Amazon, Apple, Facebook, Google, and Microsoft have all admitted they used humans to transcribe private conversations.
To improve speech recognition software, tech giants have been hiring teams of people who listen and transcribe snippets of voice recordings which they then use to teach machine learning algorithms.
Nearly a third of Australian adults own a smart speaker.
And almost 90 per cent respondents to Deloitte’s annual Mobile Consumer Survey currently own a smart phone — a market dominated by Android and iOS which both include native voice assistants.
Chair of the ACCC, Rod Sims, told media last week that Australians ought to be wary about letting internet-enabled voice assistants into their houses.
“There’s no way in the world I would have Google Home or the equivalents in my home,” he said.
“Why do I want a device listening to everything I say?
“If people, once they are aware, want to have these devices in their home then that’s obviously perfectly fine.
“But they need to know in really clear terms – which they don’t know, and I don’t know either – how much information is going back to home base, what exactly is being done with it and who it’s going to.”
Can you hear me now?
Until recently, the details of who is listening to what have been scarce.

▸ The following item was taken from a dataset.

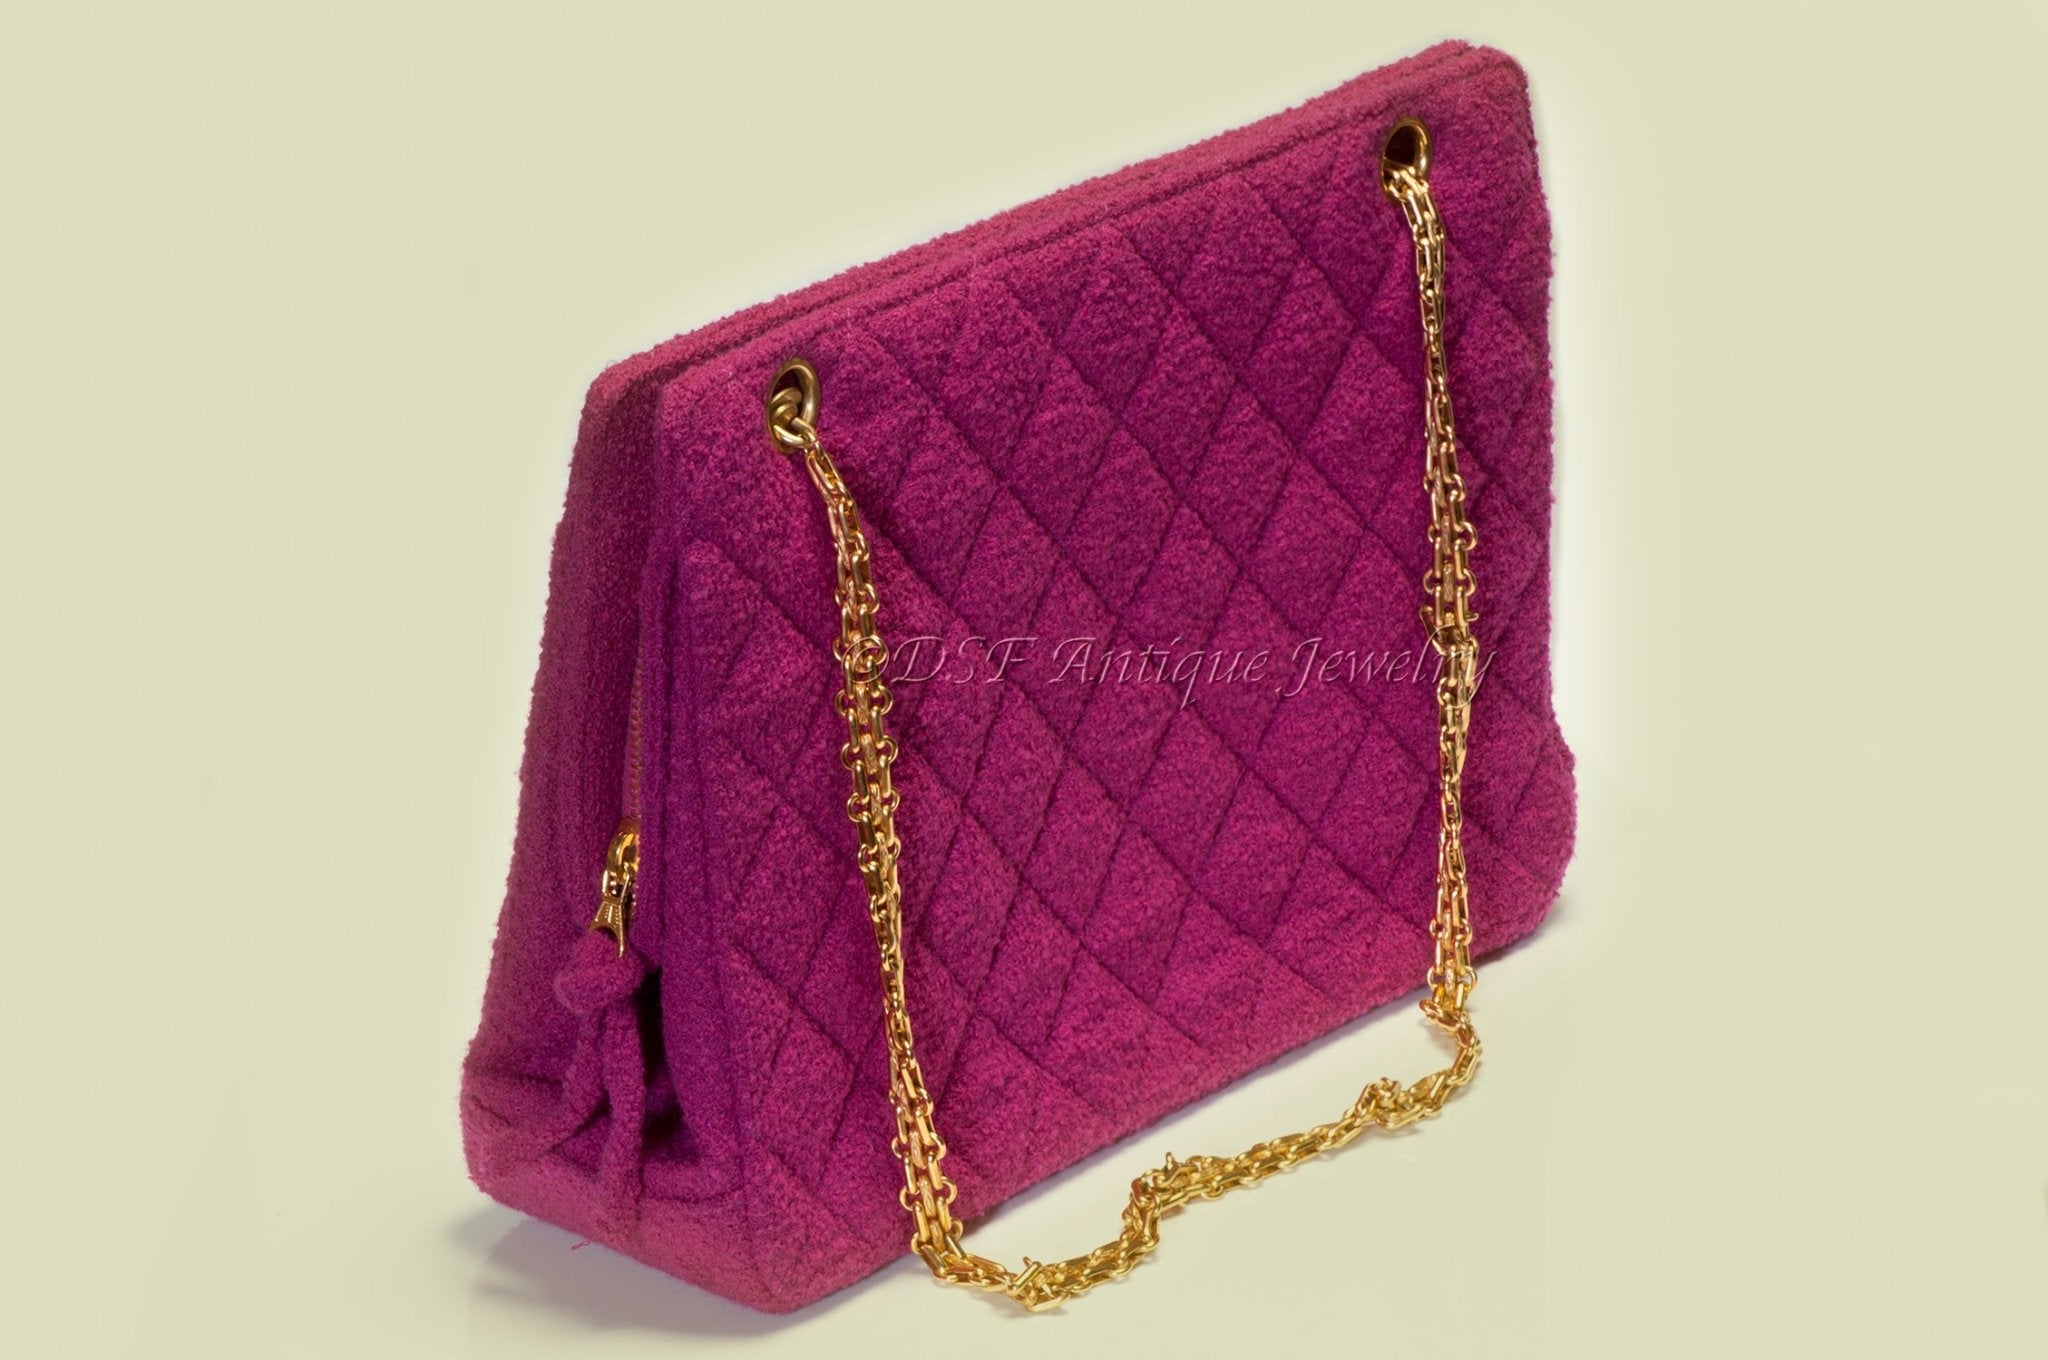 The Classy Chanel Bag From "Emily in Paris" - DSF Antique Jewelry

Over the past few months, a growing number of media reports have shown a disturbing trend among Silicon Valley’s brightest stars: they have all been listening.

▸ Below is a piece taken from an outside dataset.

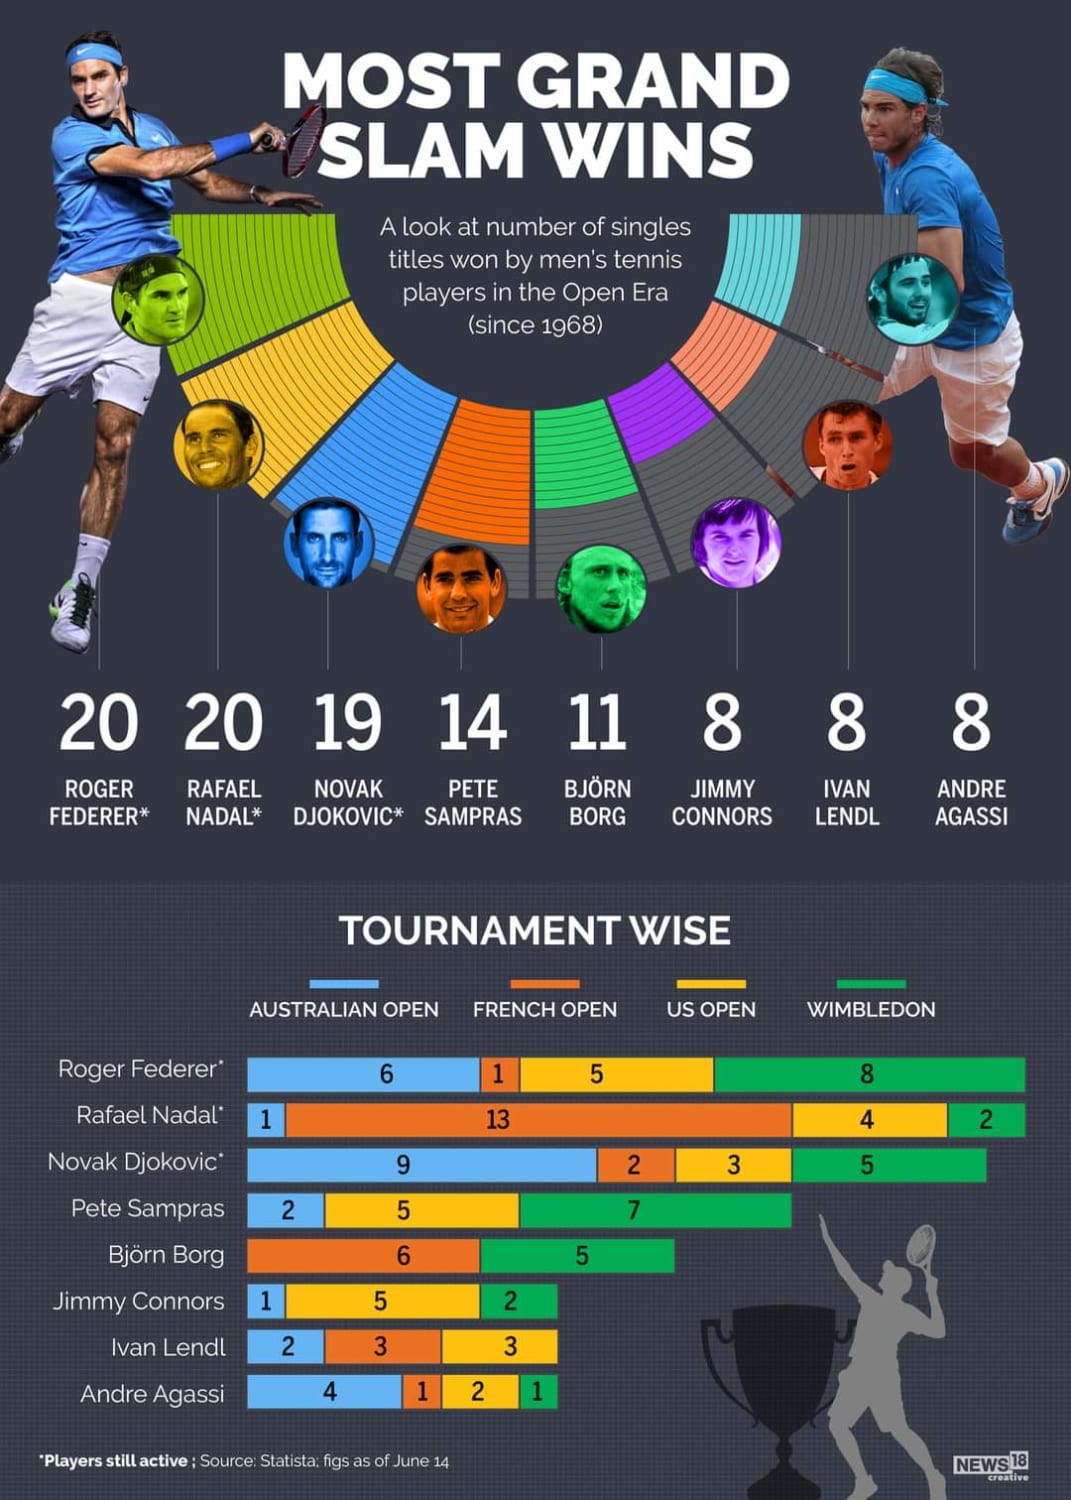 Most Grand Slam Wins: A look at number of singles titles won by men's tennis players in the open era

For select users, some of whom opt-in or simply fail to opt-out of having their speech used for this purpose, audio is recorded and uploaded back to servers and given to workers whose job it is to listen, transcribe, and feed the data back.
The results from leaked audio and worker testimony have ranged from creepy to disturbing.
Dutch news website VRT NWS got access to thousands of Google recordings.
Their reporters heard hundreds of conversations that were unwittingly recorded by users who said something similar to the triggering phrase ‘Okay Google’.
Pillow talk, arguments, and professional phone calls that contained sensitive information were all clearly audible.
More troubling has been testimony from workers who said they heard distressing events like apparent sexual assaults.
Two Romanian employees who transcribed Alexa recordings told Bloomberg that, when asking what to do in such situations, they were told it wasn’t Amazon’s place to interfere.
It’s not just smart speakers that have actively recorded audio in the name of improving customer experience.
Vice discovered earlier this month that contractors for Microsoft have been listening to calls made using the Skype Translator app.
Apple has also been caught employing people to listen to people speaking with its Siri voice assistant.
The Guardian reported that Apple workers often heard things like “in-progress drug deals, medical details and people having sex” while listening to the recordings.
Facebook is the latest to be found eavesdropping on private conversations—with employees telling Bloomberg they had been transcribing calls made on Messenger but did not know how Facebook was using the data.
Apple, Facebook, and Google all said they have since suspended the practice of using humans to review audio.
Amazon now lets users opt out with the “help improve Amazon services and develop new features” setting in Alexa.
Microsoft, meanwhile, said it “gets customers’ permission before collecting and using their voice data”.